■ **WHAT THIS TASK INVOLVES**:
Using the listing below, retype only the lines from the line with "Ryan Gosling Hey" through the end, both ends included, and exclude the pictures.

■ **PROVIDED MATERIAL**:
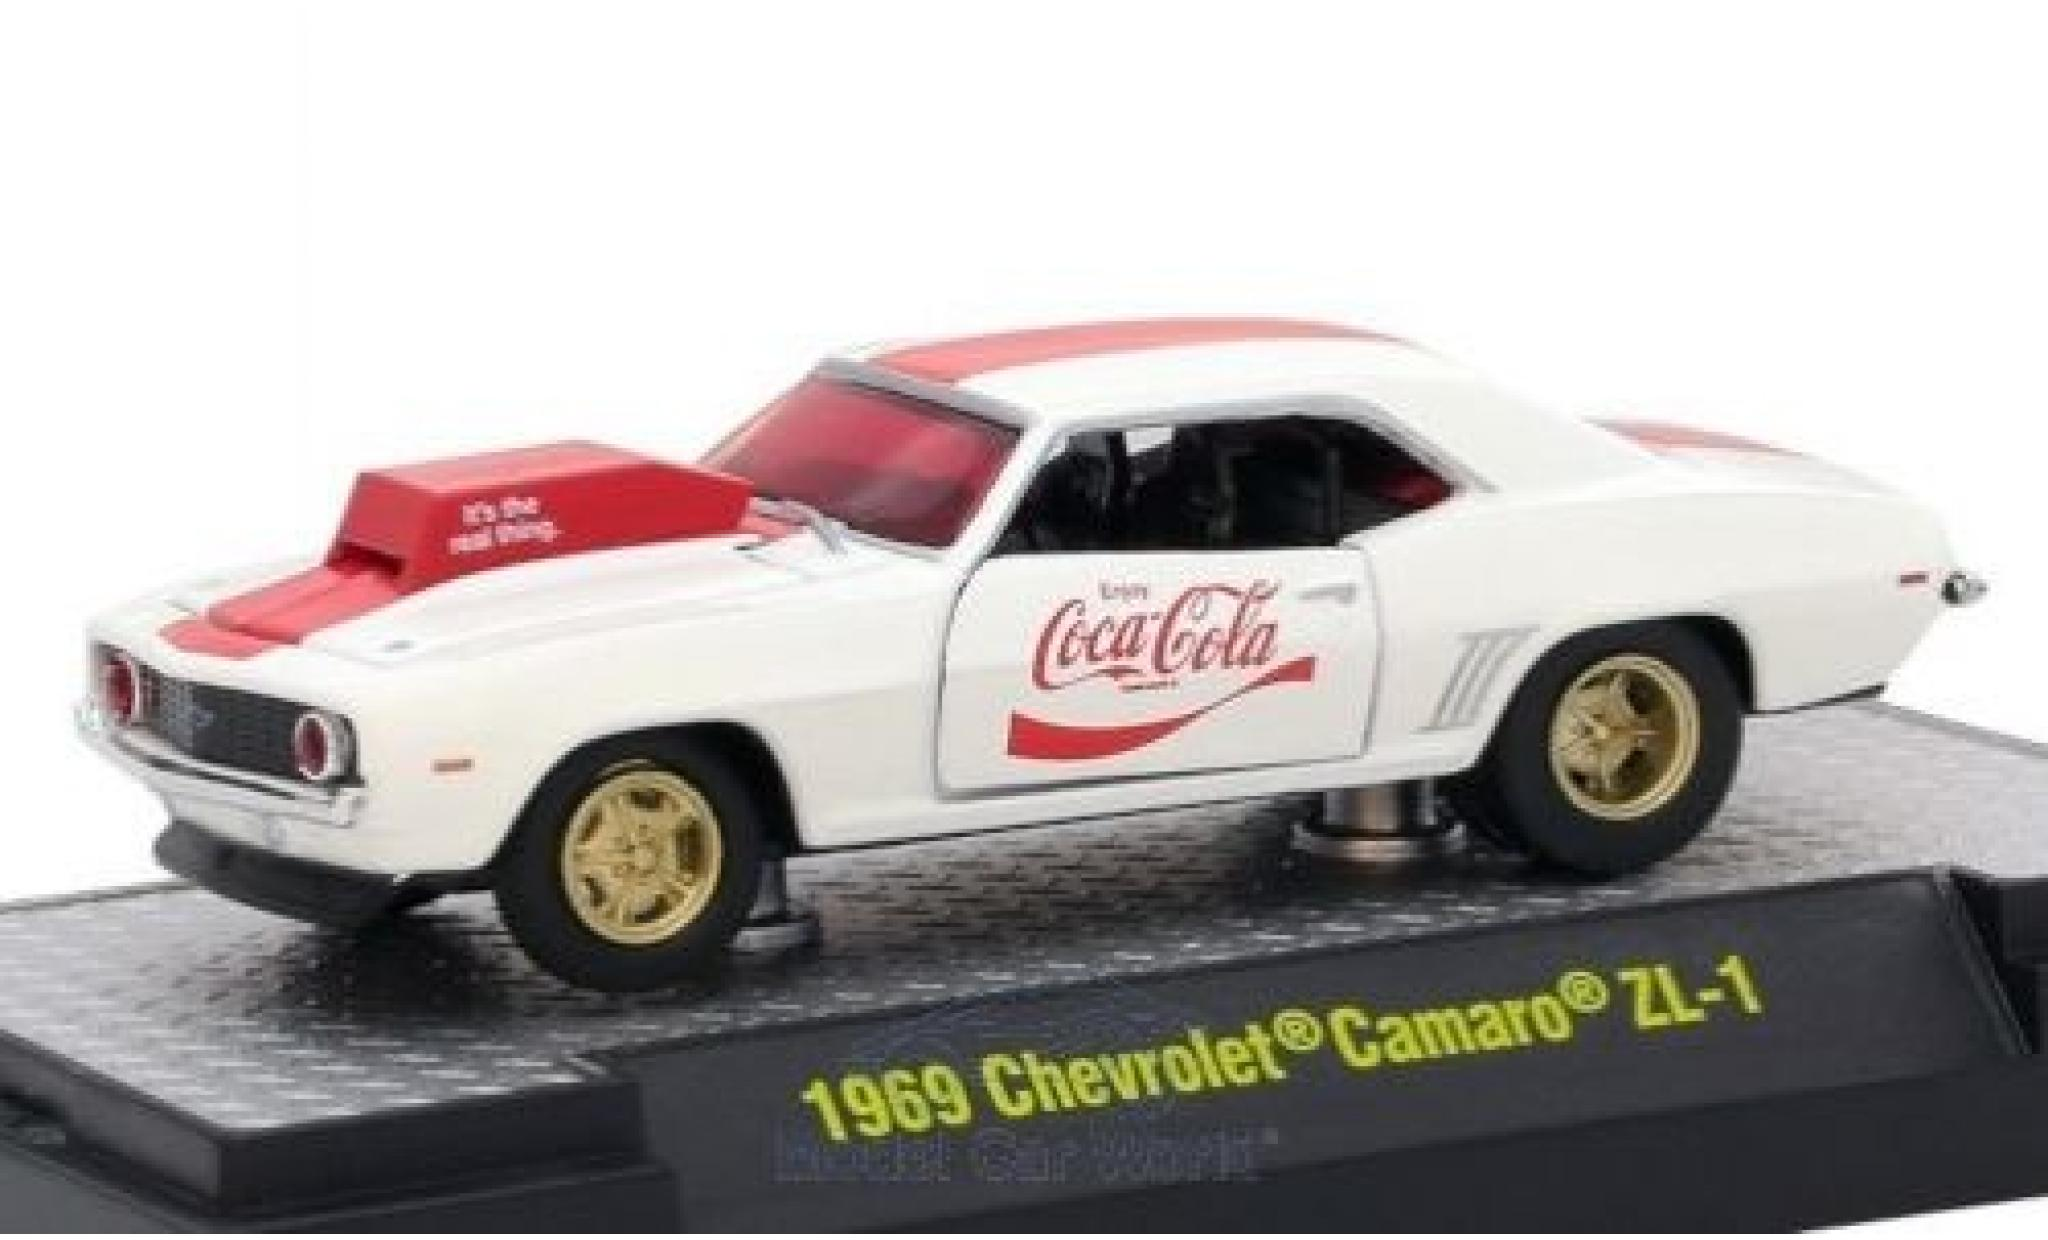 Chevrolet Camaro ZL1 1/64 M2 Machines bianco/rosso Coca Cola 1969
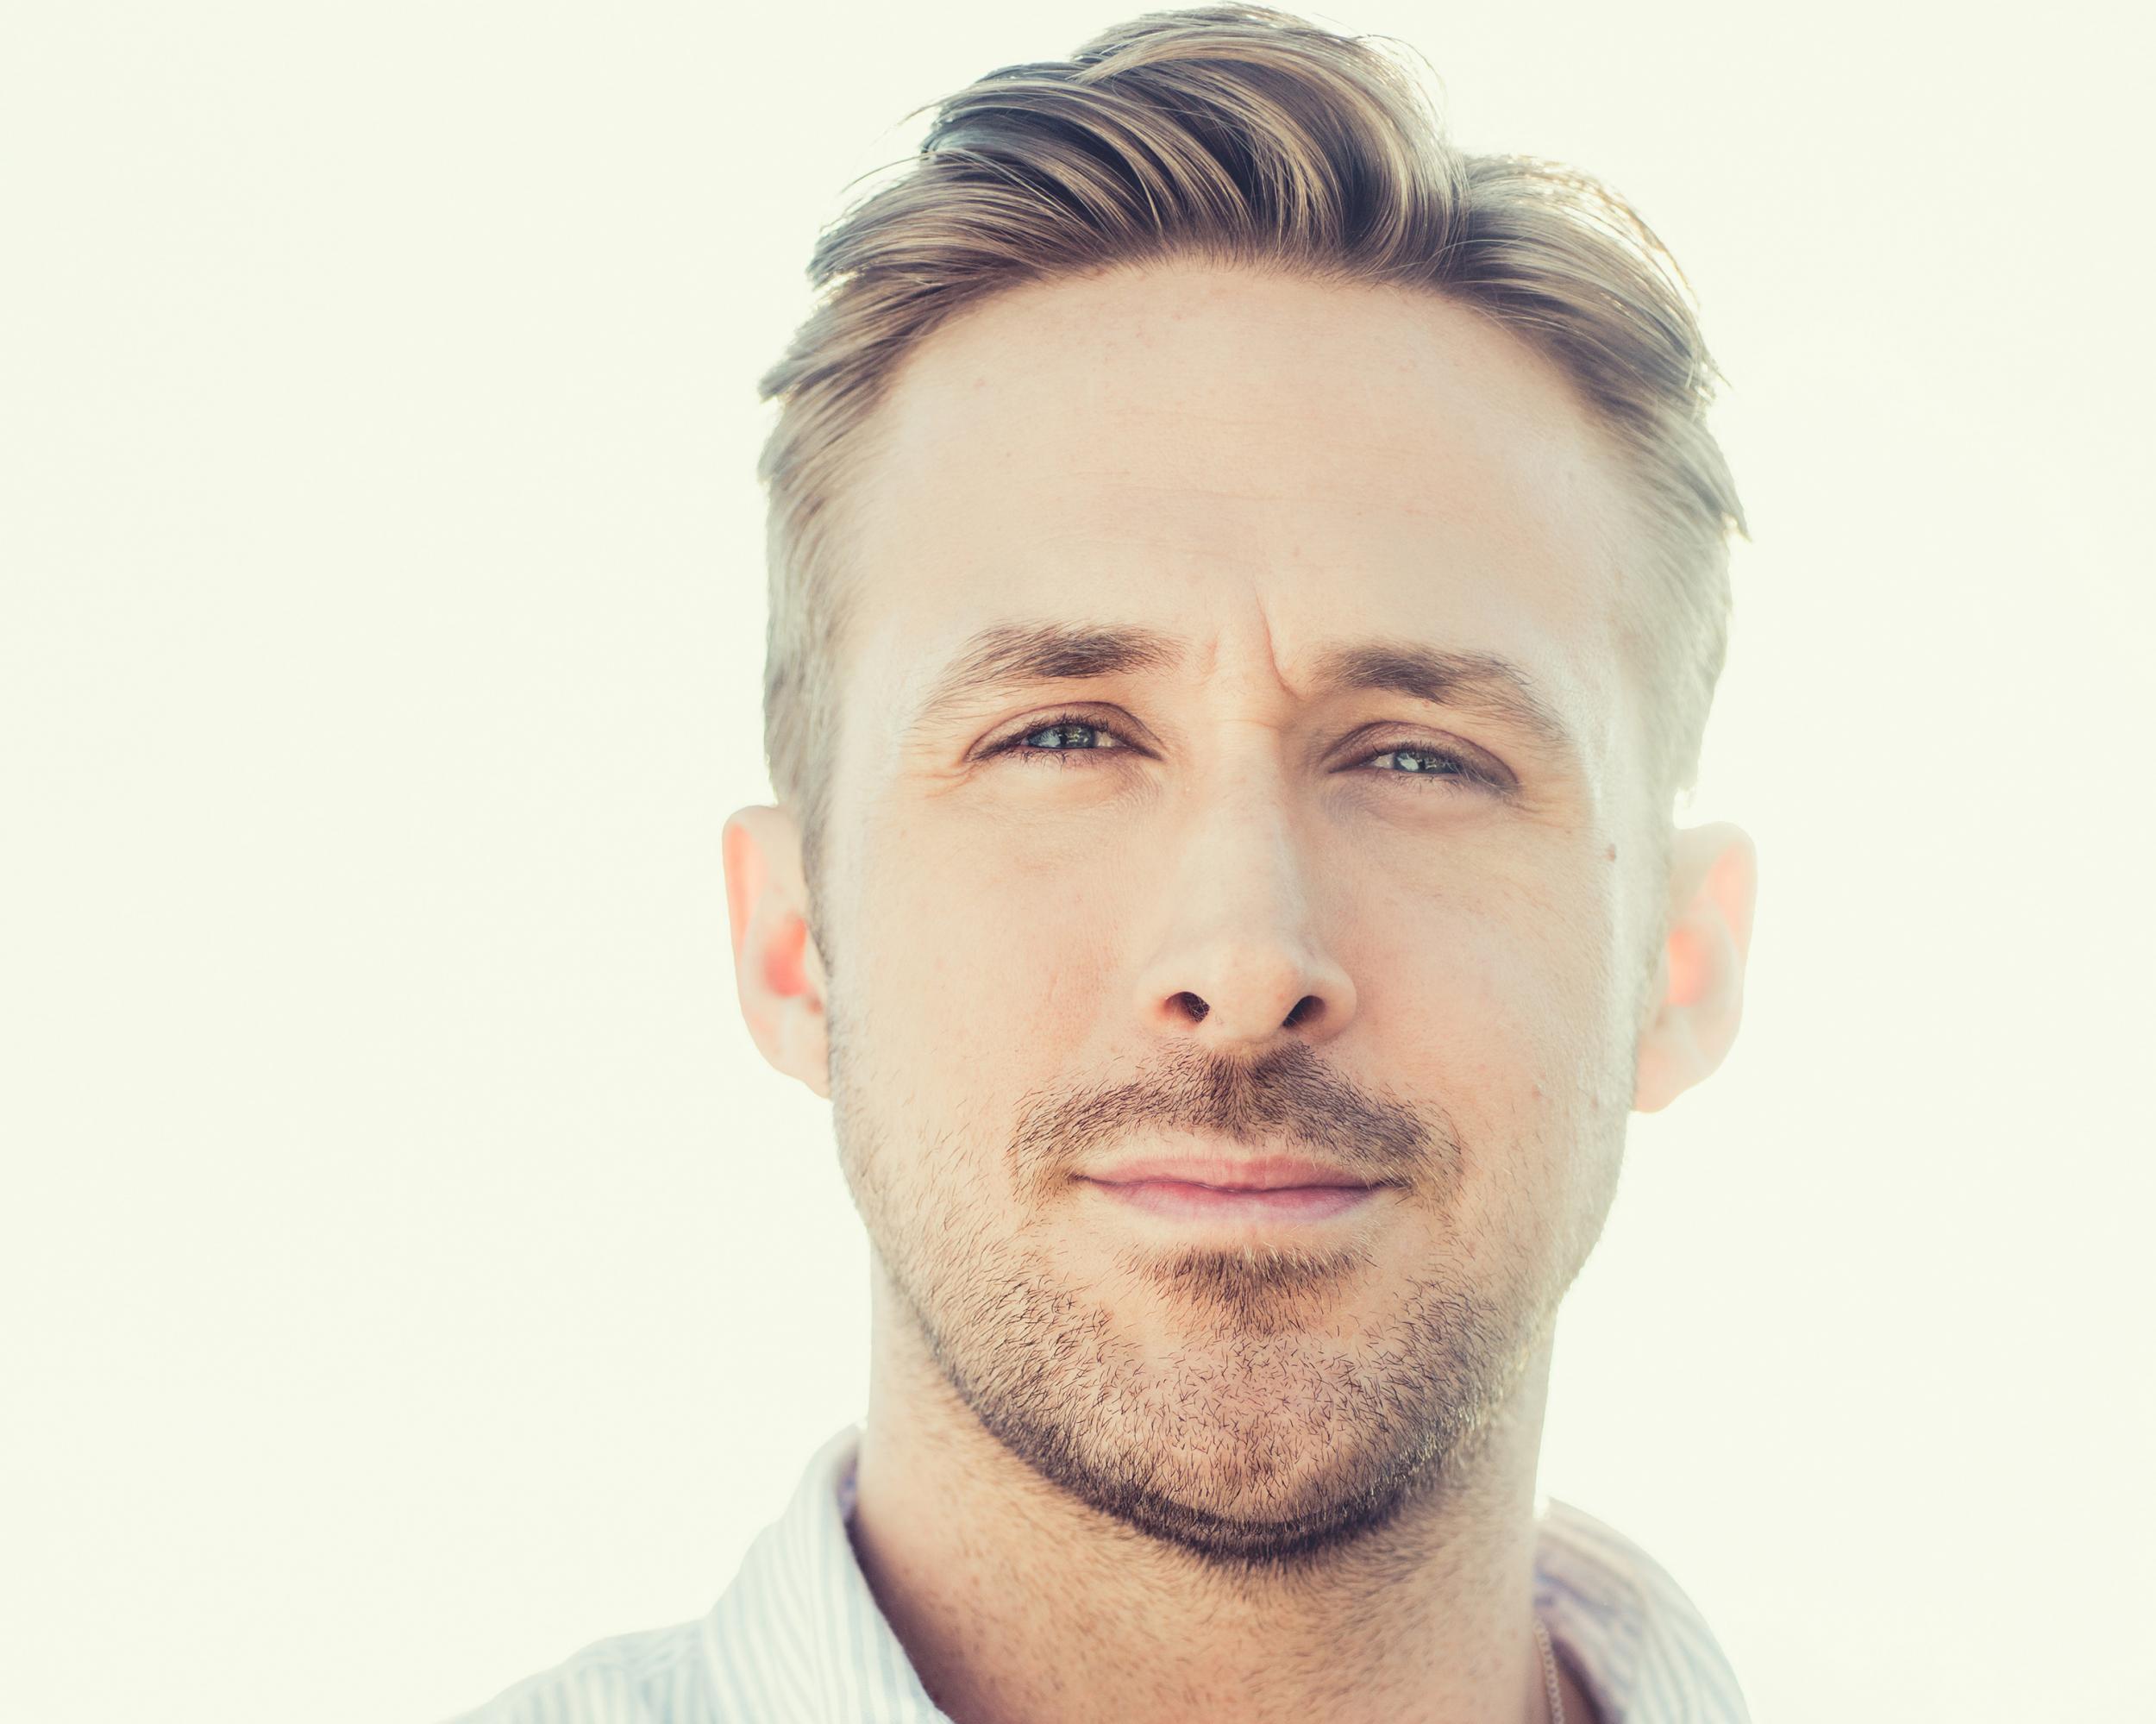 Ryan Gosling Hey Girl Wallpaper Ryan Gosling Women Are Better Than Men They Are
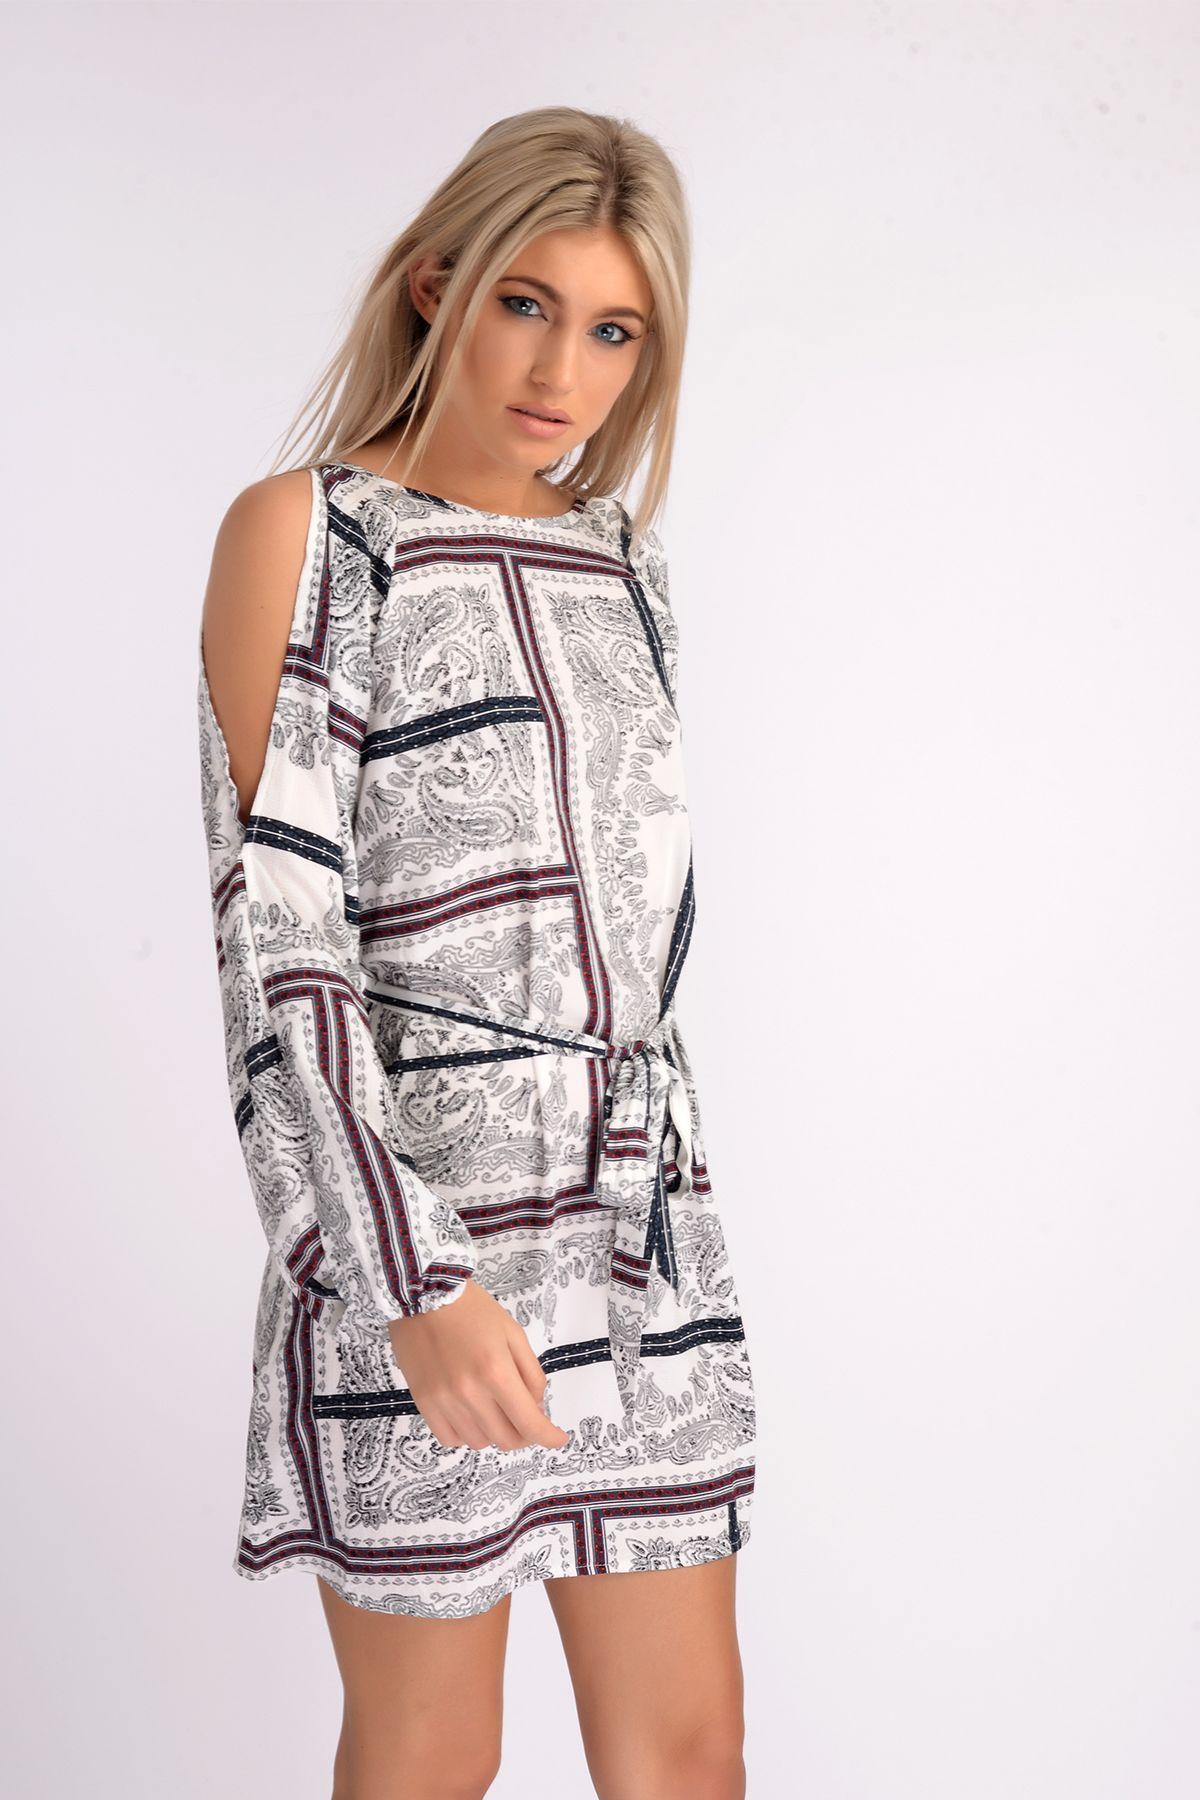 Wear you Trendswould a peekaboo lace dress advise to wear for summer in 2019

■ **OUTPUT OF THE EXERCISE**:
 Ryan Gosling Hey Girl Wallpaper Ryan Gosling Women Are Better Than Men They Are
 Wear you Trendswould a peekaboo lace dress advise to wear for summer in 2019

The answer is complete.